Country Developmental Services Contact
Kenya Gertrude’s Hospital Pediatric Rehab https://www.gerties.org
Nigeria Neurodevelopmental Clinic – LUTH https://luth.gov.ng
Ghana Komfo Anokye Child Development Centre https://kathhsp.org
Uganda Mulago Child Neuro Unit https://www.mulago.go.ug

🧠 Key Takeaways for CHWs & Mothers

“Even after jaundice is treated, the baby’s brain still needs watching. Early help means better chances for full development.”


📝 Mini Quiz – Monitoring for Kernicterus

Q1. What causes kernicterus in newborns?
A. Lack of milk
B. High bilirubin not treated in time
C. Cold weather
D. Teething

Answer: B
Rationale: Excess bilirubin entering the brain leads to kernicterus when not treated.

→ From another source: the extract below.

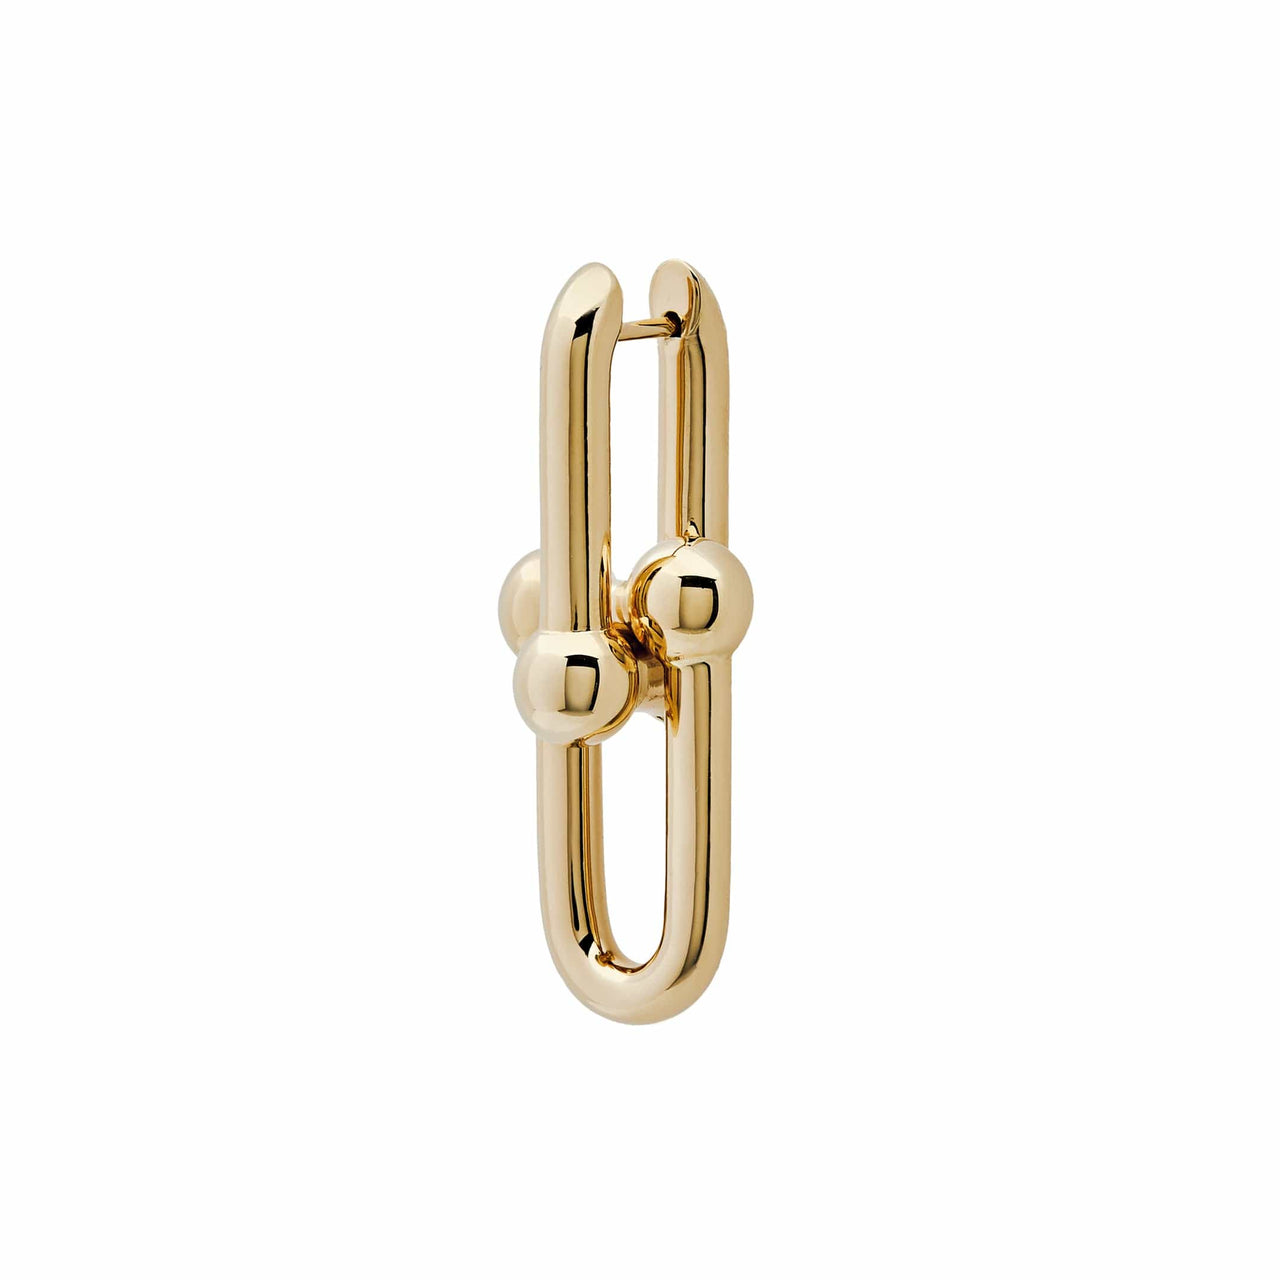 Tiffany & Co. HardWear Large Link Earrings in Yellow Gold 68533651

Q2. Which of the following is a late sign of kernicterus?
A. Yellow skin only
B. Baby not lifting head at 4 months
C. Crying for food
D. Smiling at 1 month

Answer: B
Rationale: Developmental delay in head control can indicate neurological issues from early damage.


Q3. What should be done for any baby who had severe jaundice?
A. No follow-up is needed
B. Rub the baby with herbs regularly
C. Schedule follow-up to check hearing and movement
D. Keep the baby in a dark room

Answer: C
Rationale: Follow-up is critical to identify hidden complications and refer early.